GENEL - 15 Ocak 2020 Çarşamba 12:44

“Libya’ya asker göndermek riskli bir adım olabilir”

A
A
A
“Libya’ya asker göndermek riskli bir adım olabilir”

İç savaş durumundaki denizaşırı bir ülkeye, Libya’ya asker gönderme kararının ilk defa uluslararası bir görevin dışında doğrudan Türkiye’nin inisiyatifiyle gerçekleşmesine dikkat çeken İstanbul Aydın Üniversitesi Öğretim Üyesi Emekli Tuğgeneral Dr. Naim Babüroğlu, “Bu açıdan, Libya’ya asker gönderme sahada var olma politikasının riskli adımlarından biri olarak değerlendirilebilir” dedi.

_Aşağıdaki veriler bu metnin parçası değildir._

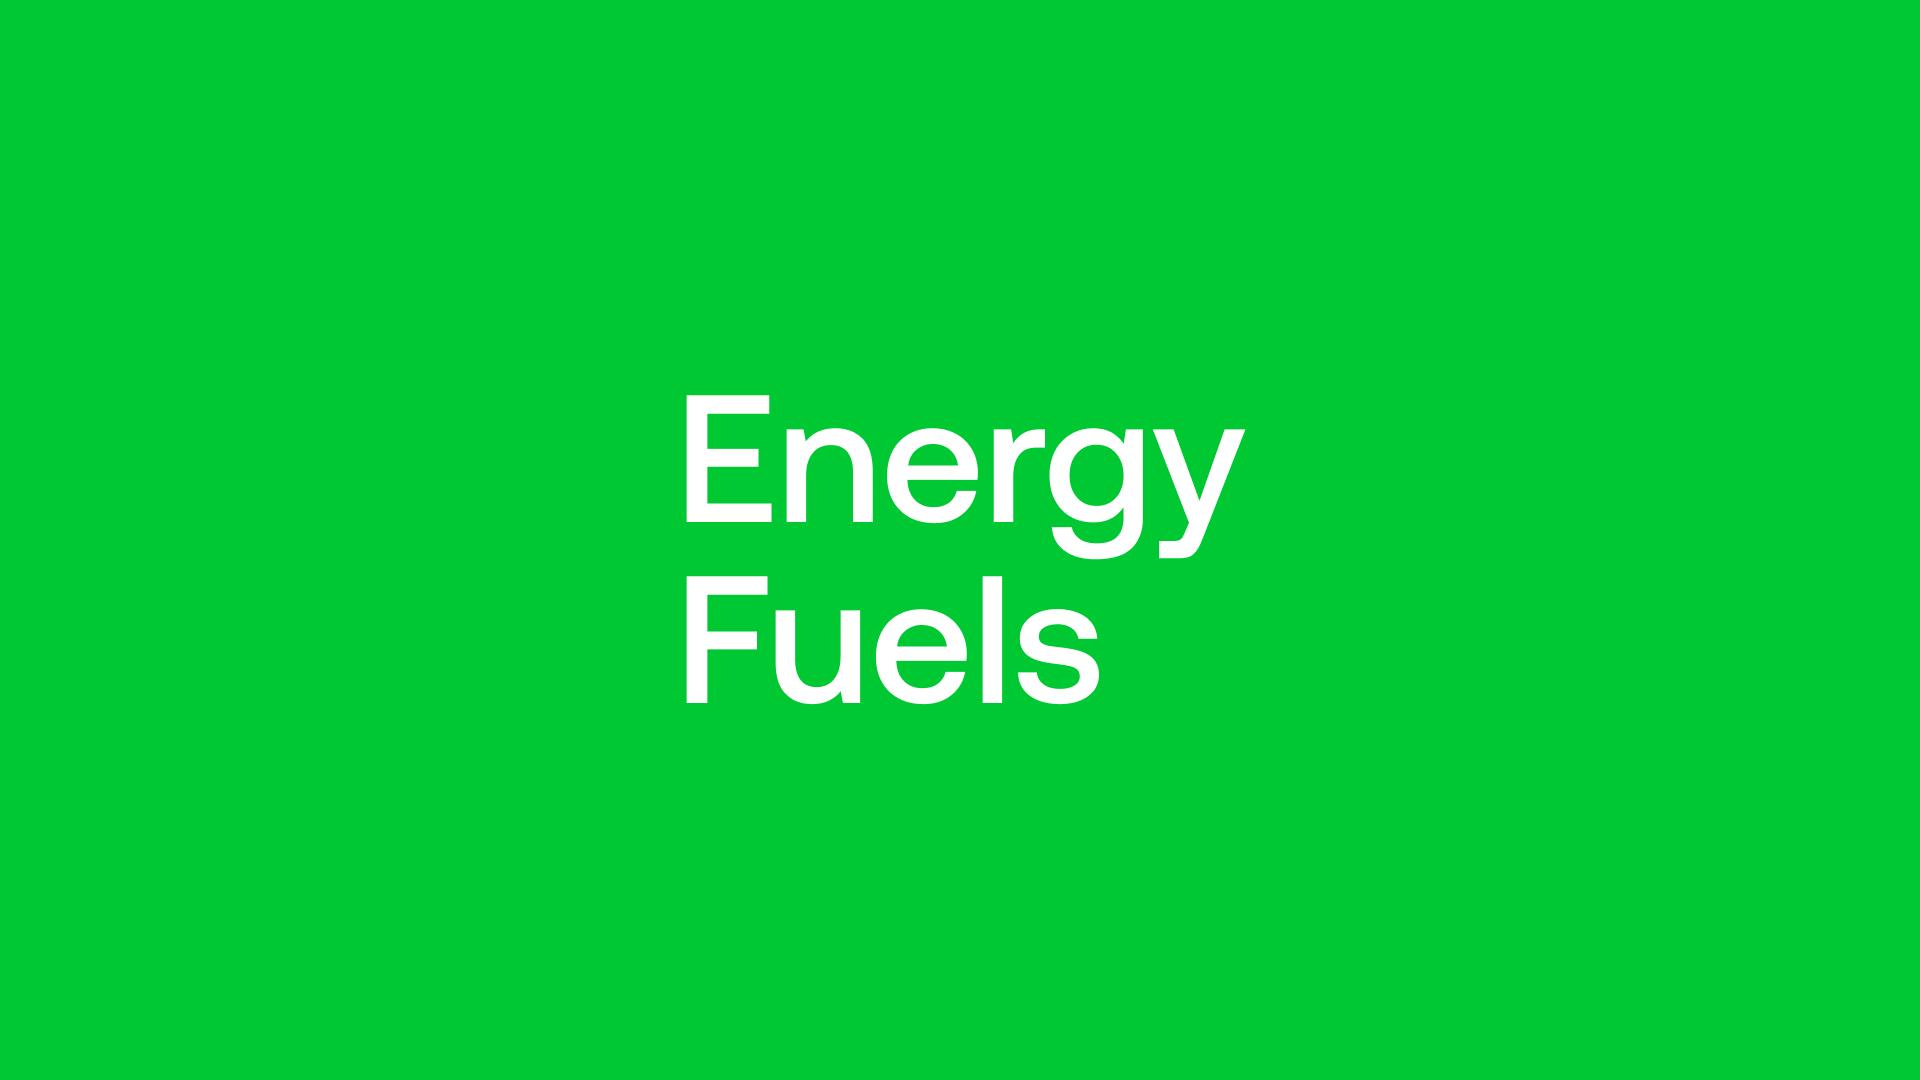 Energy Fuels (UUUU) - USA Critical Minerals Hub Getting Love

Türkiye-Rusya arasında sağlanan ateşkesin başarısı ve tarafların buna uyacaklarını belirtmelerinin riskleri düşürebileceğini söyleyen Dr. Naim Babüroğlu, “Libya’nın iç savaşına diplomatik yöntemlerle çözüm bulma arayışları da Türkiye’nin Libya’da asker bulundurmasıyla ortaya çıkacak riski kabul edilebilir bir düzeye çekebilir” ifadesini kullandı. Irak’tan sonra Libya’yı parçalama planı doğrultusunda, 2011’de Fransa, İngiltere ve ABD öncülüğünde Libya’ya saldırı başlatıldığını belirten Dr. Naim Babüroğlu, “Türkiye bu projeyi okuyamadı ve ne yazık ki, Libya’ya müdahale için dört fırkateyn, bir yardımcı gemi ve bir denizaltı ile NATO’ya katkı sağladı. Tarihinde bir iç savaşa taraf olmayan Türkiye, enerji kaynaklarının kontrolünü hedef alan ABD planının yanında yer aldı. Gelinen aşamada, ABD’nin projesi gerçekleşti ve Libya parçalandı” dedi.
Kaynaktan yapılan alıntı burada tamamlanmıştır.